» **SOURCE RECORDS**
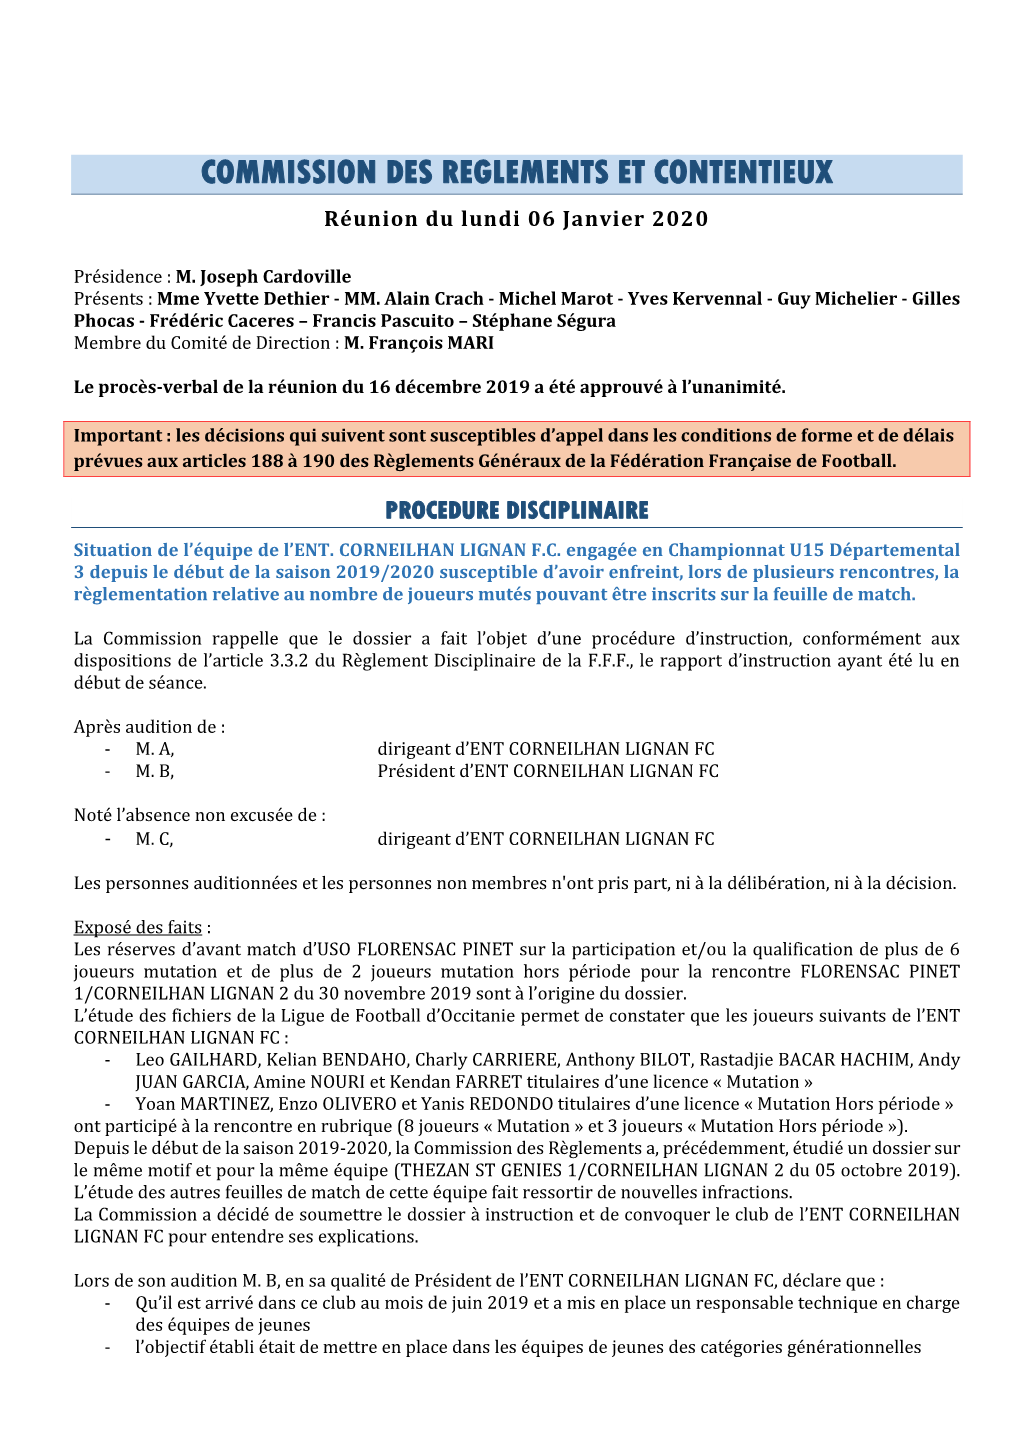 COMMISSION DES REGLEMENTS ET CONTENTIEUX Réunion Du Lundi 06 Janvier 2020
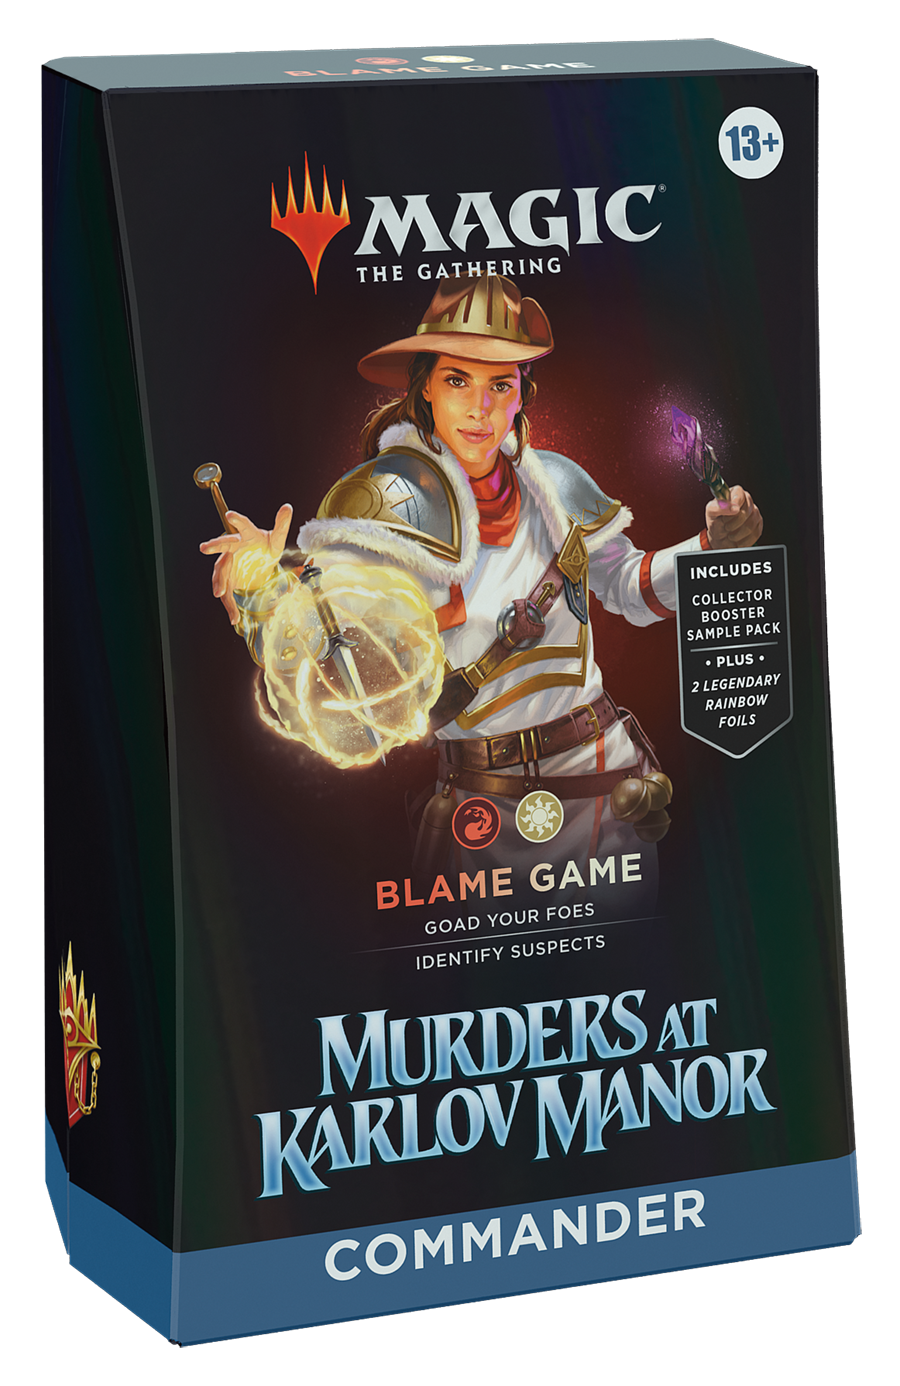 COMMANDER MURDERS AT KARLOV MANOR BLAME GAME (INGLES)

...

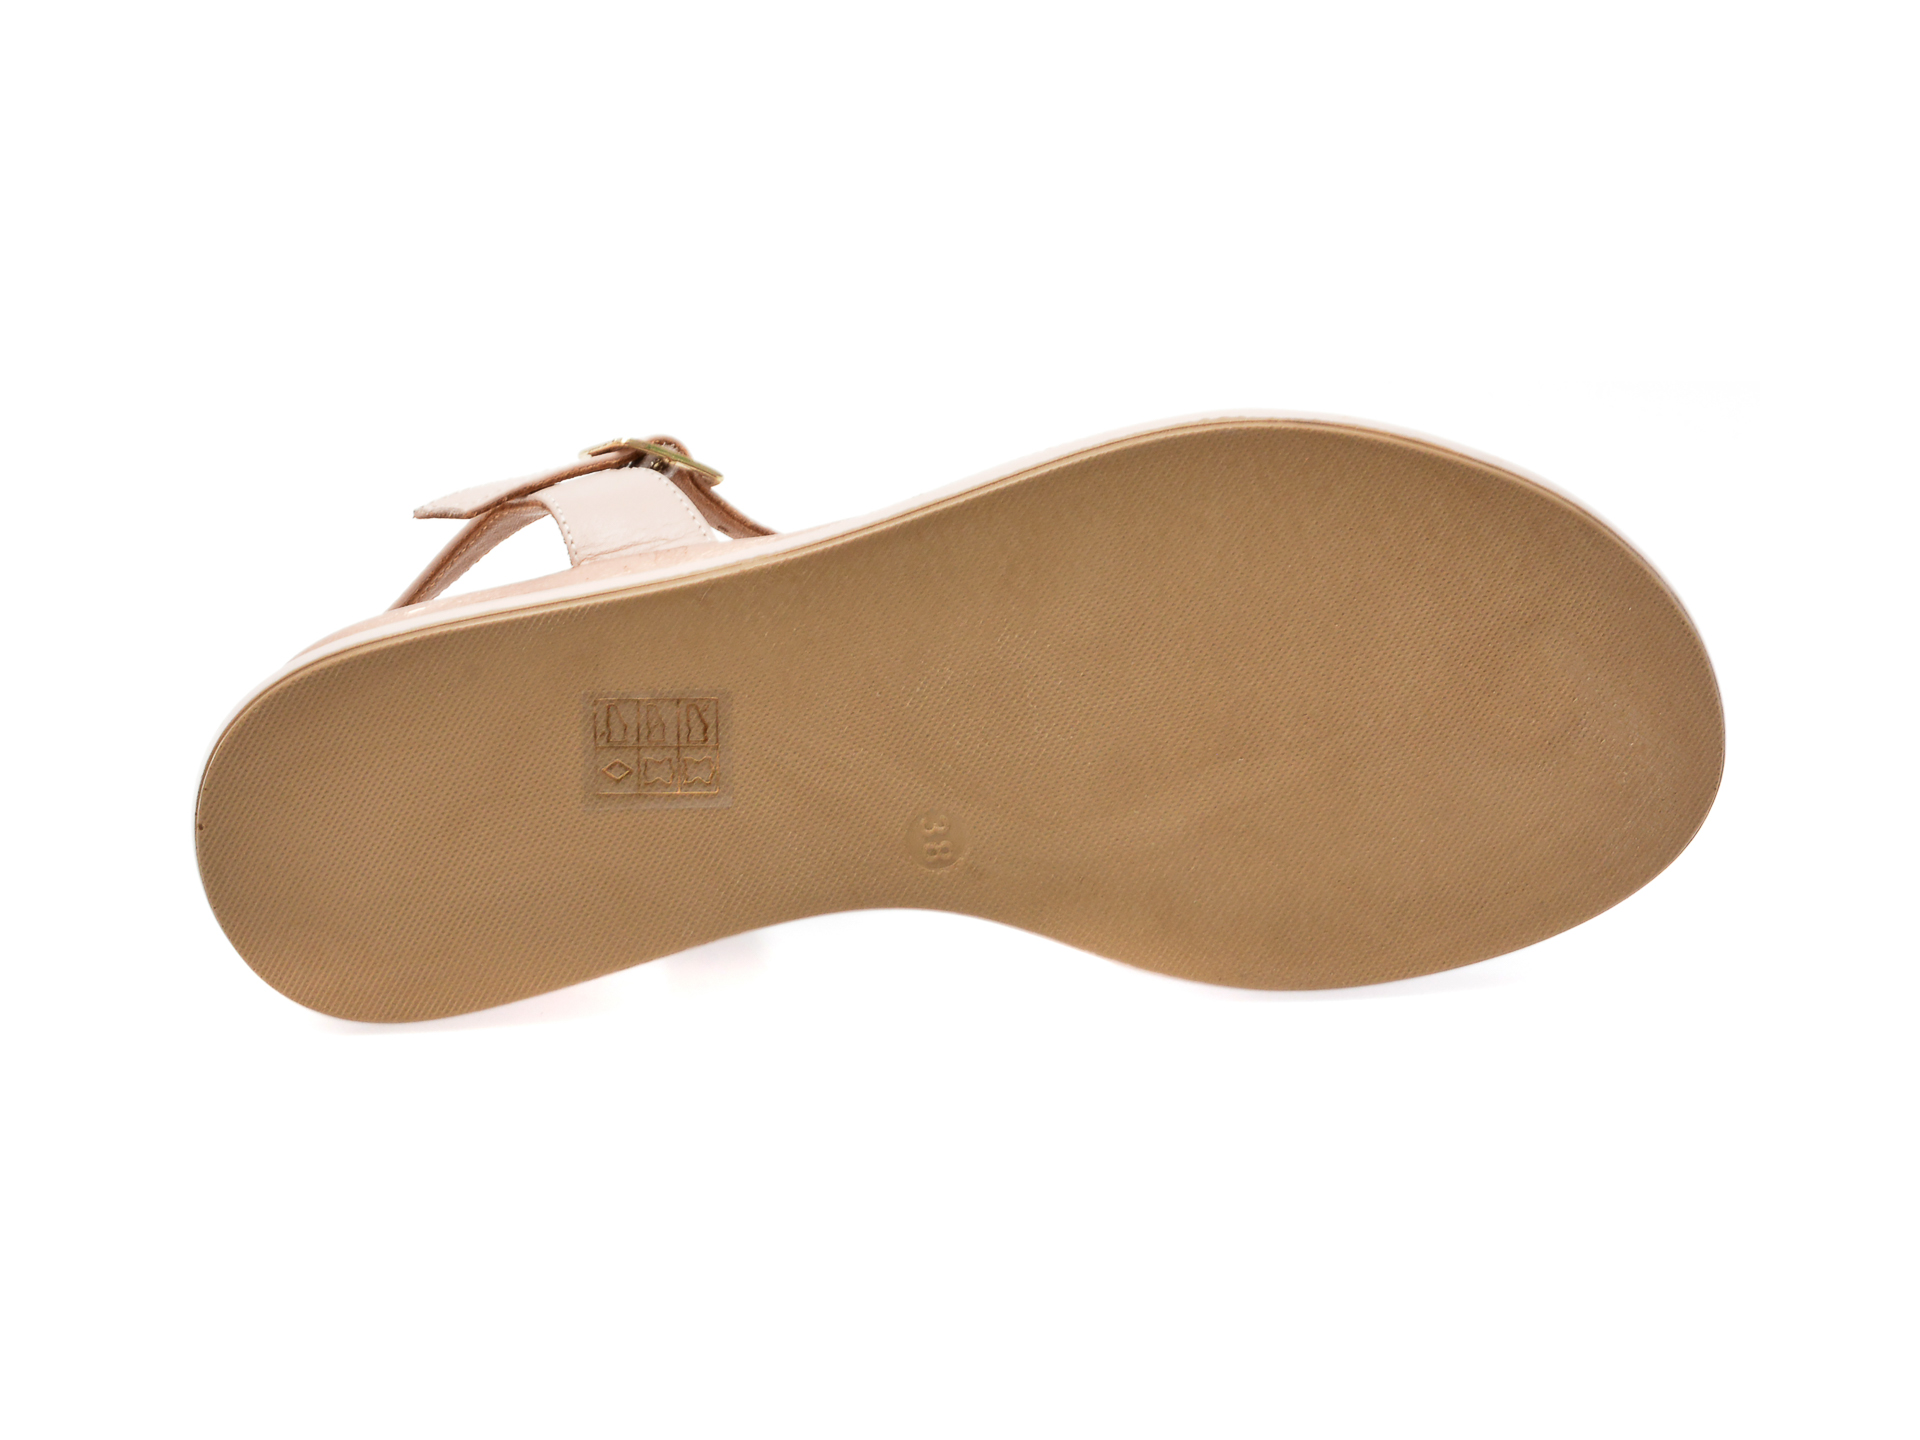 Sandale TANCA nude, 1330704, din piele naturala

» **WHAT IS REQUIRED**
Could you write out exactly the lines of the data above that run from the one holding "COMMISSION DES REGLEMENTS" to the one holding "COMMANDER MURDERS AT", with both ends in and all pictures out?

» **OUTPUT FOR THIS EXERCISE**
 COMMISSION DES REGLEMENTS ET CONTENTIEUX Réunion Du Lundi 06 Janvier 2020
 COMMANDER MURDERS AT KARLOV MANOR BLAME GAME (INGLES)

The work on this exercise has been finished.